Not too long after they moved to our community, me and Willard were outside. Two very odd things were happening… first, we were doing yard work, and second, I was wearing a bikini top.
We’ve been hiring someone to mow our yard for years – even WAY before we owned a lawnmower dealership. Why don’t we mow our own yard now? Well, I don’t really know… Anyway, that’s neither here nor there.
As for the bikini top. Ugh. I had a tank top over it but I took it off for some reason. I’ve NEVER been in my front yard in a bikini top because, well, just because. It’s TMI, trust me. Anyway, I took it off and I was pulling weeds right up against the house, thinking no one would see me. I was squatted down with my back to the road. No biggie. Then a truck pulls in the driveway. Crap. I figured (hoped) they were just turning around, and I also thought I’d draw more attention to myself if I stood up to go in the house, so I just stayed put. Willard walked over and started talking to the driver. In a minute or so, I hear Willard say, “Hey, Amy, come here!” Double crap. I stood up and pulled on my tank top, and noticed then that it was ripped and small and covered not much more than the bikini top. As I got closer to the truck, I noticed the passenger wearing a little white hat… omg. The Mennonites were in my driveway and I had on a BIKINI!?!? In case you don’t know, this is how Mennonite women dress….

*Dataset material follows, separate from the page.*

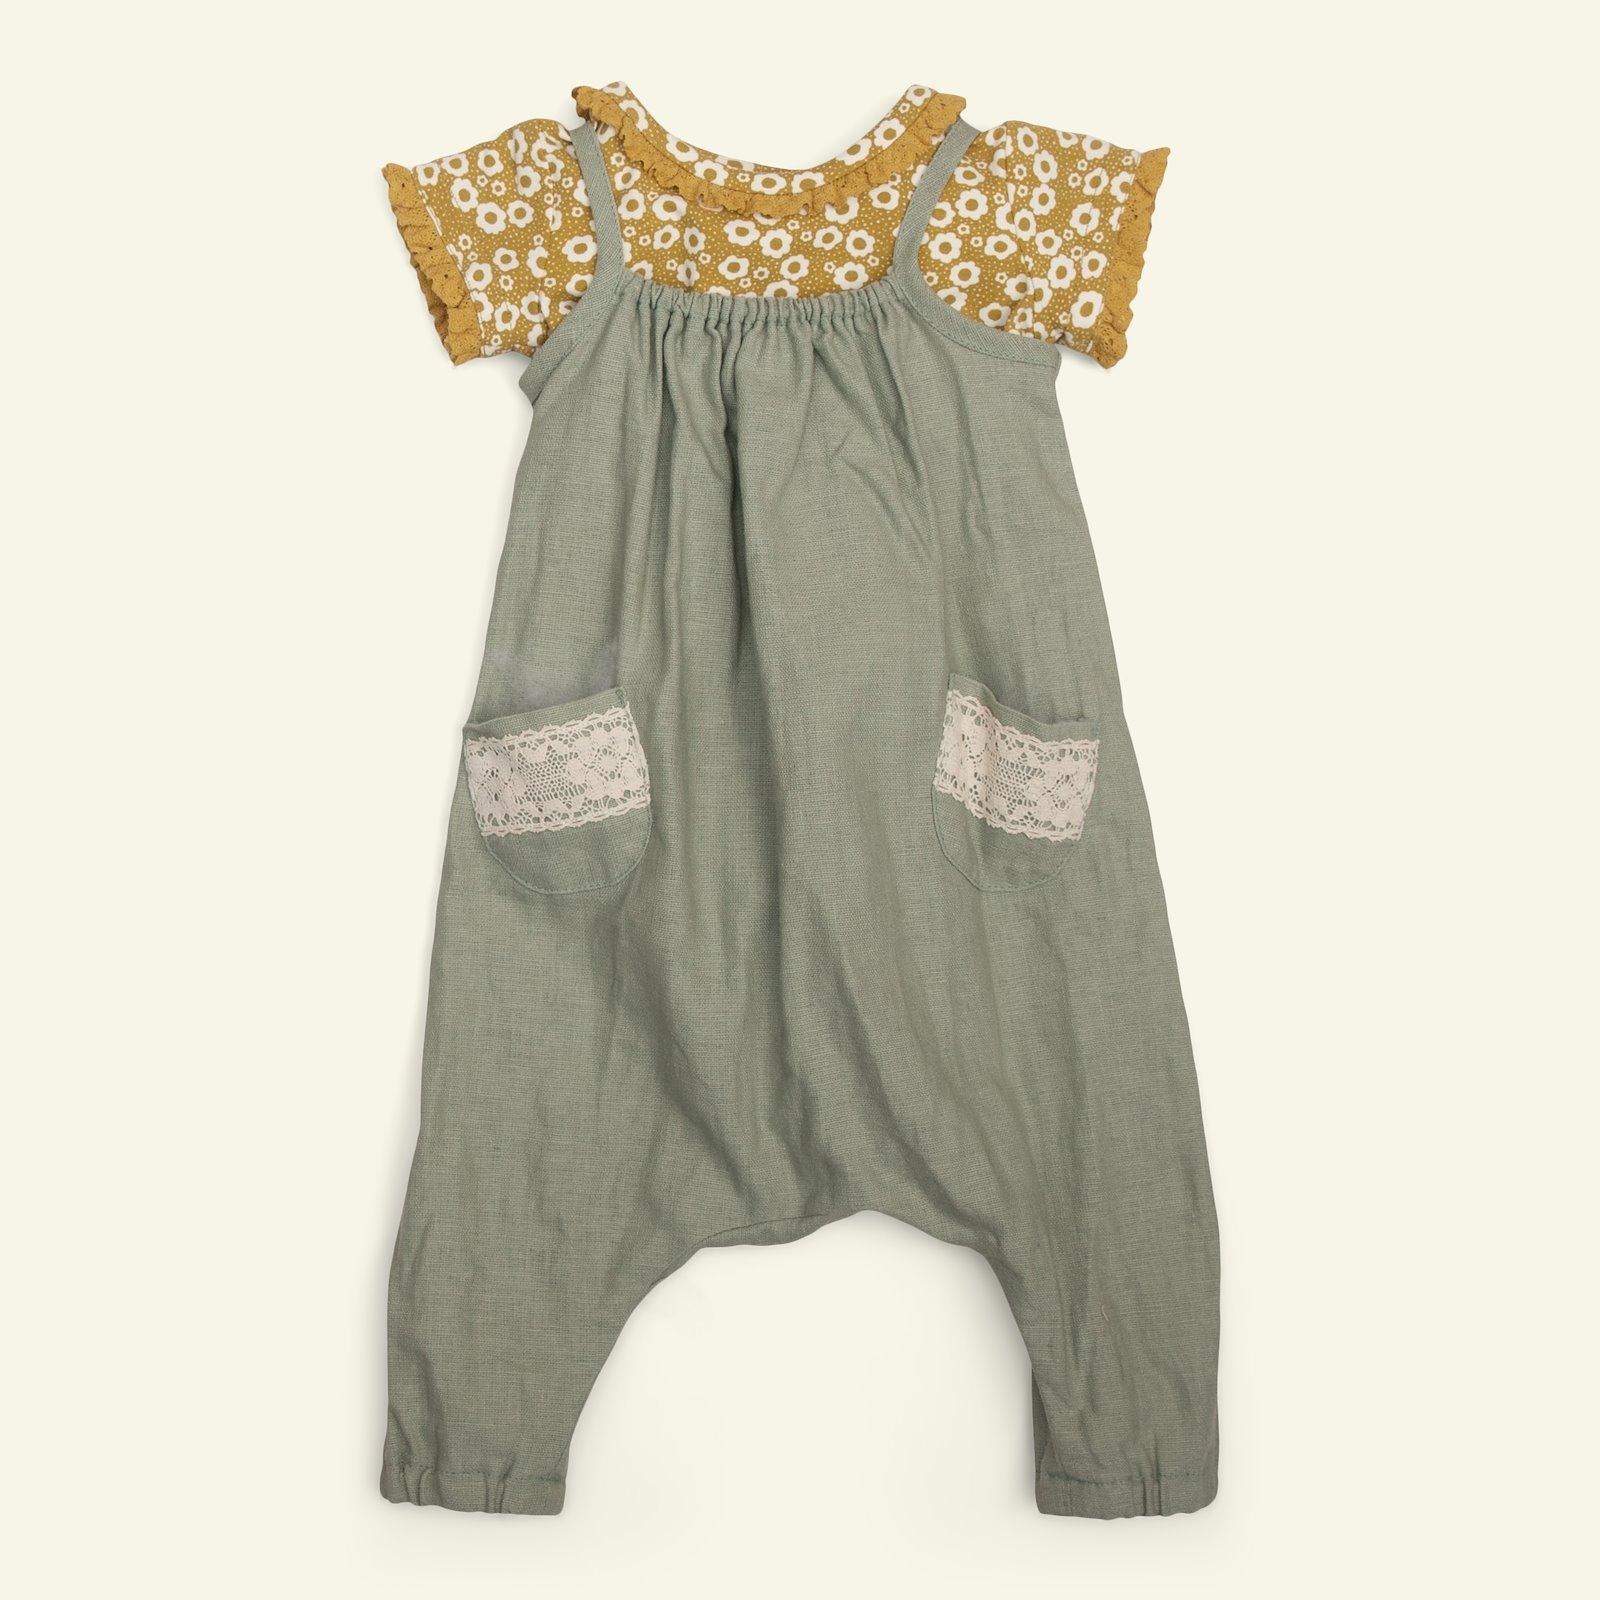 Linen/cotton light dusty green p81022_272727_25140_p81023_410131_25162_sskit

Can it get any worse? Oh yes, it can. Willard introduces me to the driver, who just happens to be the Mennonite PREACHER. I’m fairly sure my name was at the top of the prayer list the next day…Please pray for Willard’s heathen wife who runs around the yard half naked…
Here's a picture of me in my bikini.
So, fast forward to present day. There’s this Mennonite lady who thinks Willard is so nice. She knocked on my door today and handed me a homemade gigantic cinnamon roll that was STILL WARM. All because my husband is so nice. Say what? It probably would have been appropriate for me to make sure she had the right house, but you think I’m turning down a homemade cinnamon roll? You got that right!
So, on day 20, I am thankful for the Mennonite folks who brighten my life with their cute kids and their baked goods.